Does anyone know what are the Git limits for number of files and size of files?

VonC · Accepted Answer · 2015-04-09 06:35:06Z

This message from Linus himself can help you with some other limits

[...] CVS, ie it really ends up being pretty much oriented to a "one file at a time" model.

Which is nice in that you can have a million files, and then only check out a few of them - you'll never even see the impact of the other 999,995 files.

Git fundamentally never really looks at less than the whole repo. Even if you limit things a bit (ie check out just a portion, or have the history go back just a bit), git ends up still always caring about the whole thing, and carrying the knowledge around.

So git scales really badly if you force it to look at everything as one huge repository. I don't think that part is really fixable, although we can probably improve on it.

And yes, then there's the "big file" issues. I really don't know what to do about huge files.
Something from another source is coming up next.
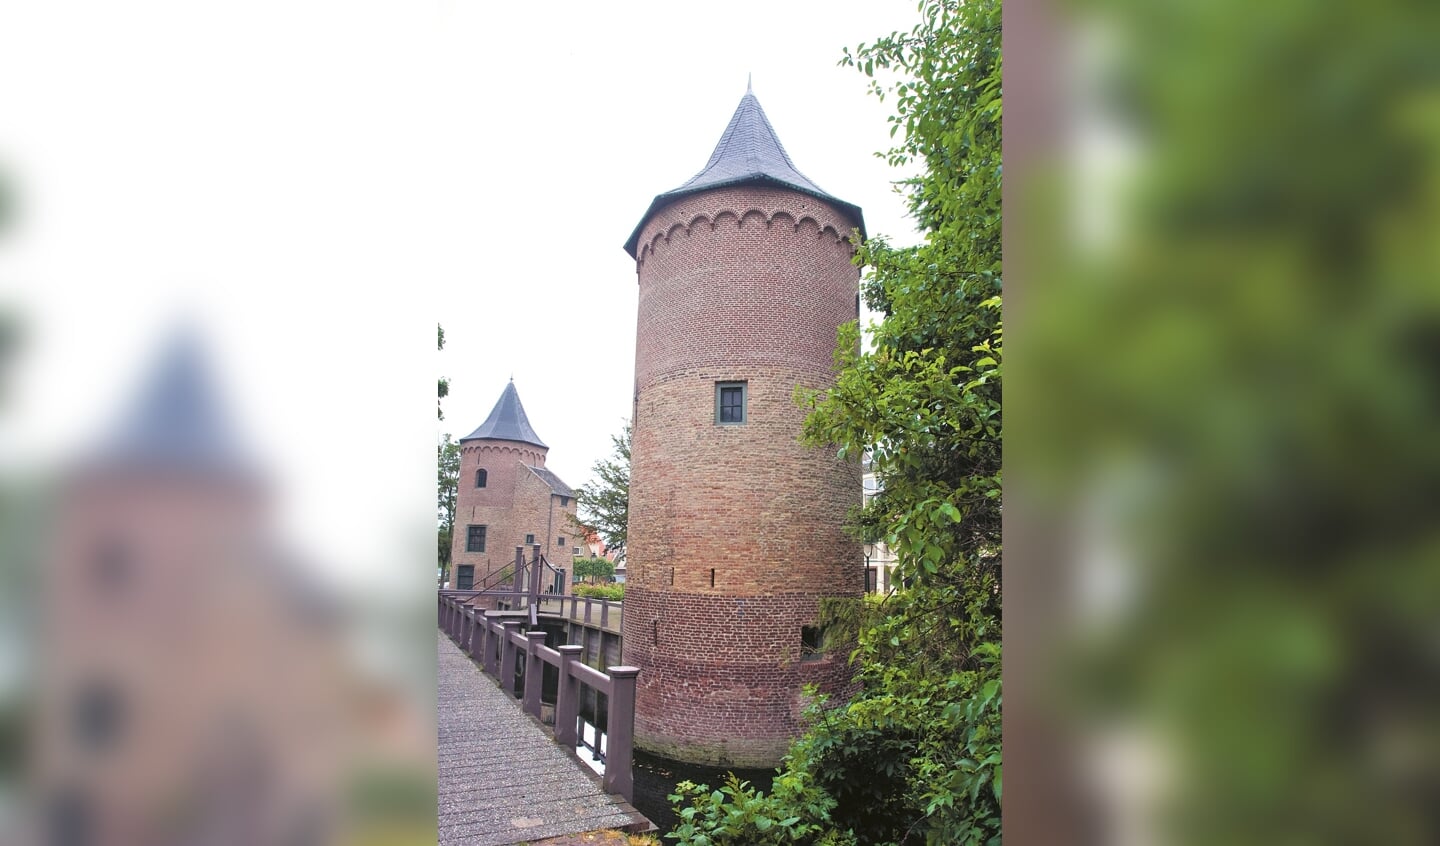 De Slottorens

We suck at them, I know.

See more in my other answer: the limit with Git is that each repository must represent a "coherent set of files", the "all system" in itself (you can not tag "part of a repository").
If your system is made of autonomous (but inter-dependent) parts, you must use submodules.

As illustrated by Talljoe's answer, the limit can be a system one (large number of files), but if you do understand the nature of Git (about data coherency represented by its SHA-1 keys), you will realize the true "limit" is a usage one: i.e, you should not try to store everything in a Git repository, unless you are prepared to always get or tag everything back. For some large projects, it would make no sense.
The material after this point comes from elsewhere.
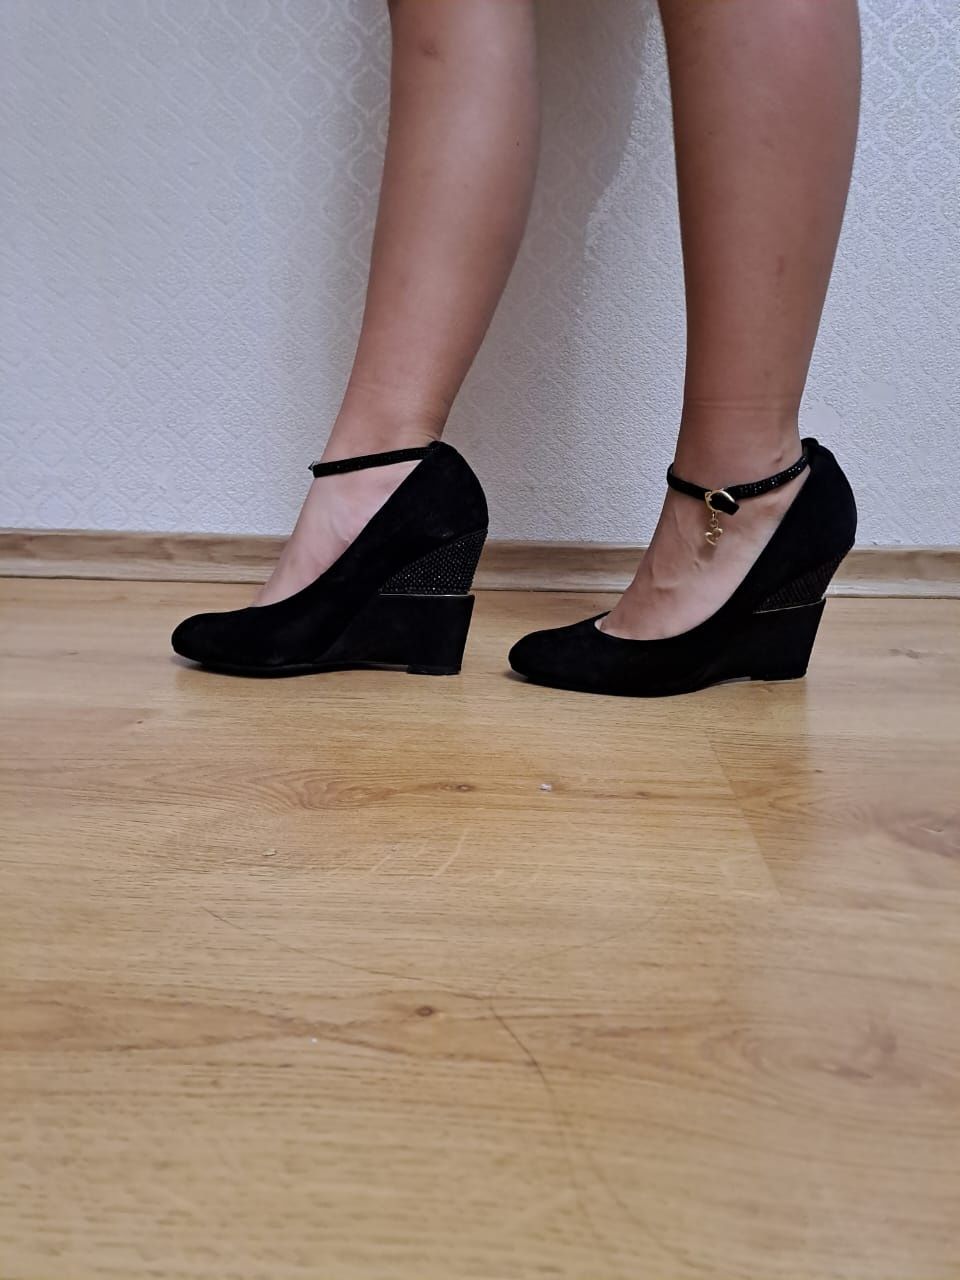 Женская обувь, туфли

For a more in-depth look at git limits, see "git with large files"
(which mentions git-lfs: a solution to store large files outside the git repo. GitHub, April 2015)

The three issues that limits a git repo:

huge files (the xdelta for packfile is in memory only, which isn't good with large files)
huge number of files, which means, one file per blob, and slow git gc to generate one packfile at a time.
huge packfiles, with a packfile index inefficient to retrieve data from the (huge) packfile.
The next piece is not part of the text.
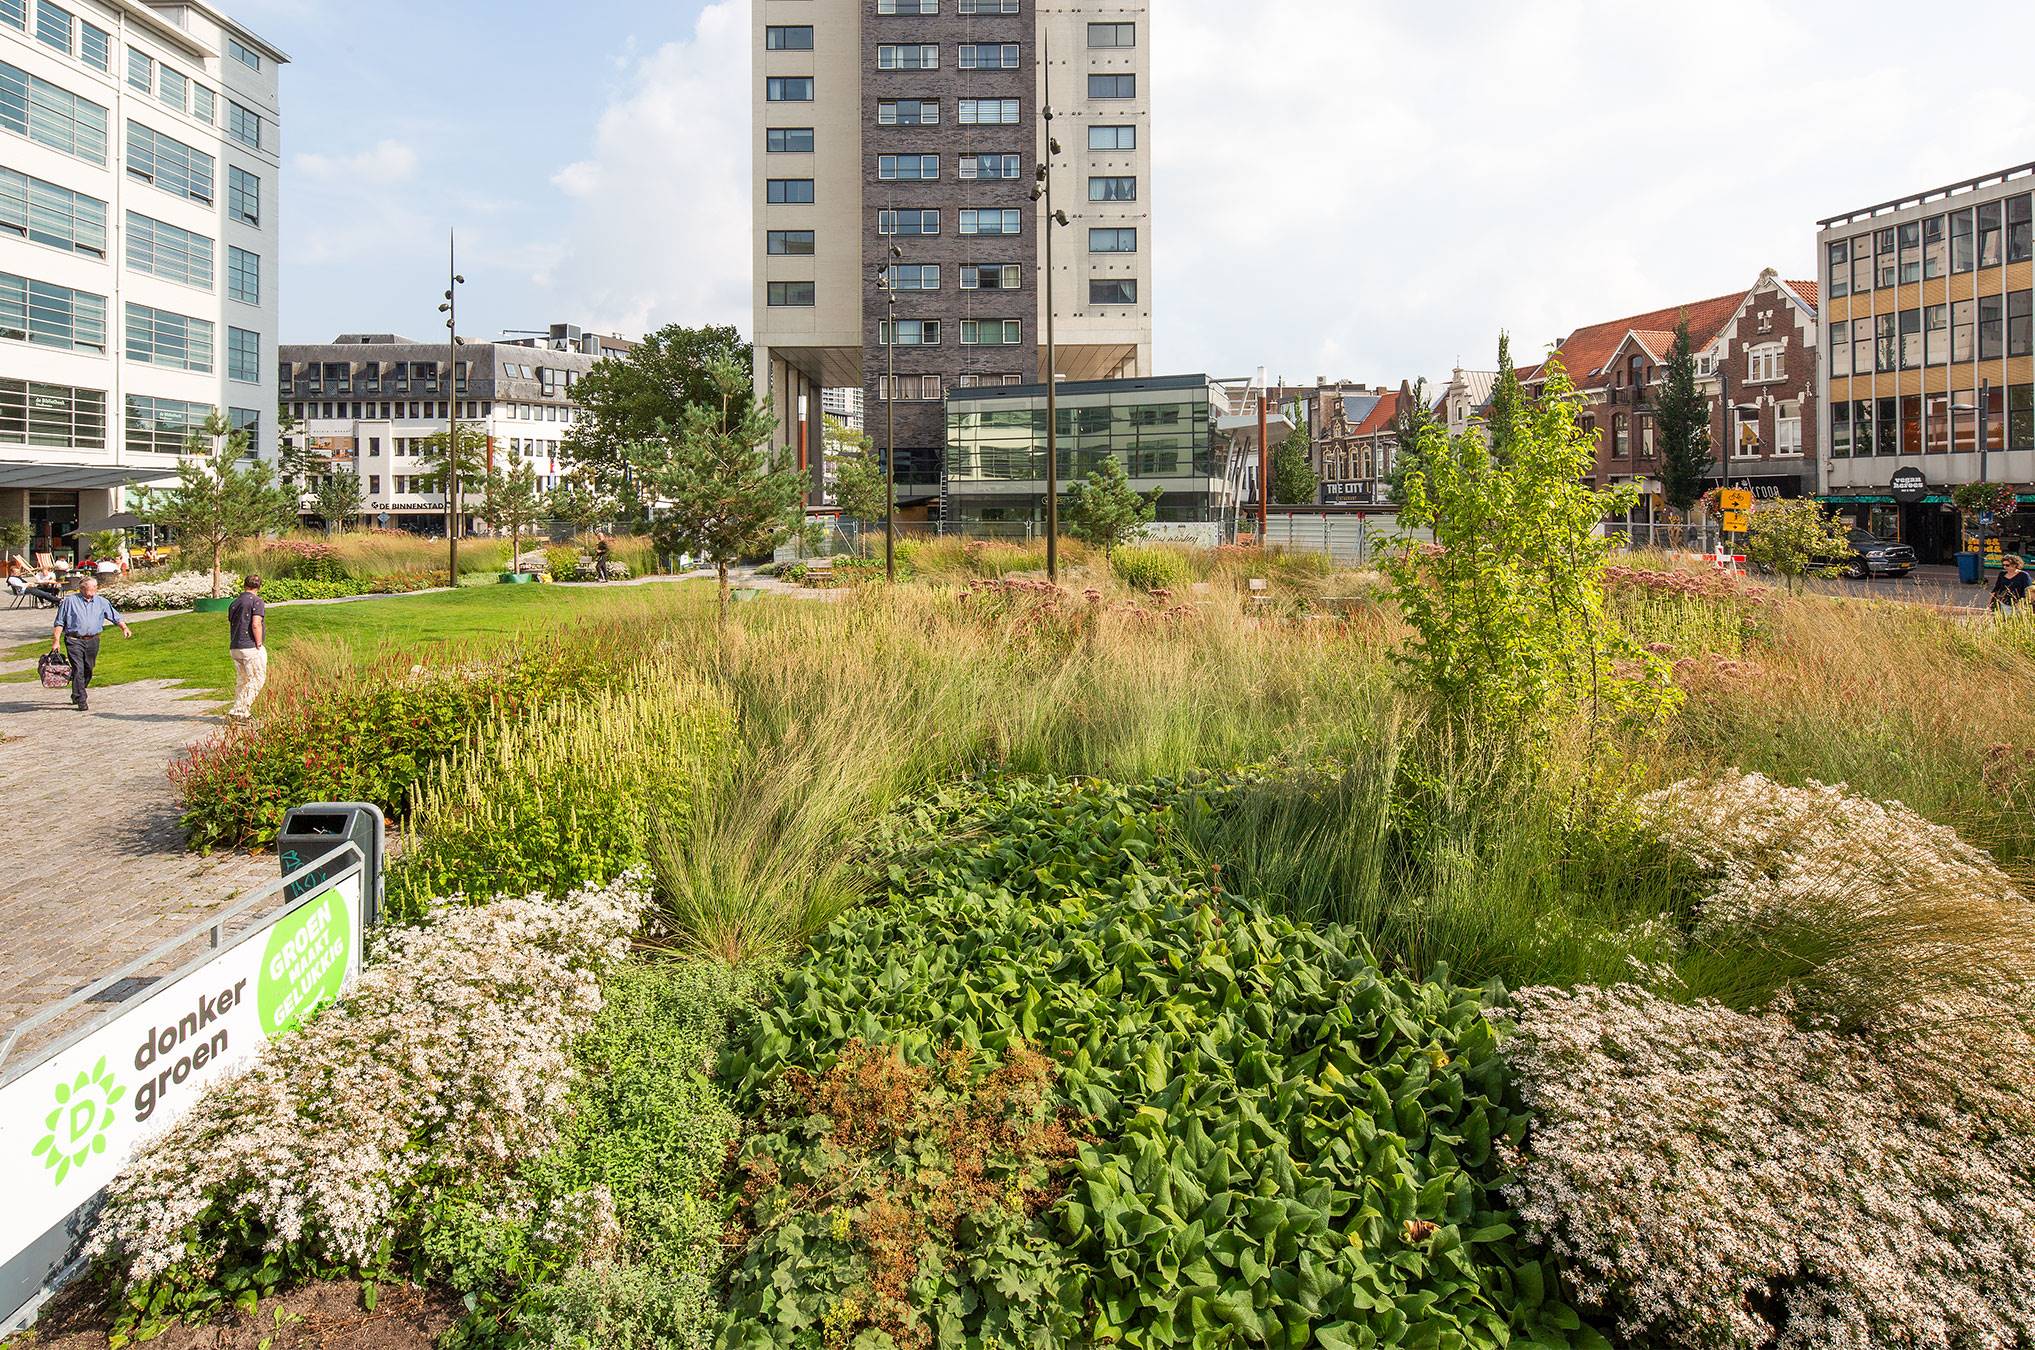 Clausplein, Eindhoven - Van Gemeente Eindhoven kregen wij de opdracht om het openbare Clausplein te voorzien van groenaanleg en herinrichting

A more recent thread (Feb. 2015) illustrates the limiting factors for a Git repo:

Will a few simultaneous clones from the central server also slow down other concurrent operations for other users?

There are no locks in server when cloning, so in theory cloning does not affect other operations. Cloning can use lots of memory though (and a lot of cpu unless you turn on reachability bitmap feature, which you should).

Will 'git pull' be slow?

If we exclude the server side, the size of your tree is the main factor, but your 25k files should be fine (linux has 48k files).

'git push'?

This one is not affected by how deep your repo's history is, or how wide your tree is, so should be quick..

Ah the number of refs may affect both git-push and git-pull.
I think Stefan knows better than I in this area.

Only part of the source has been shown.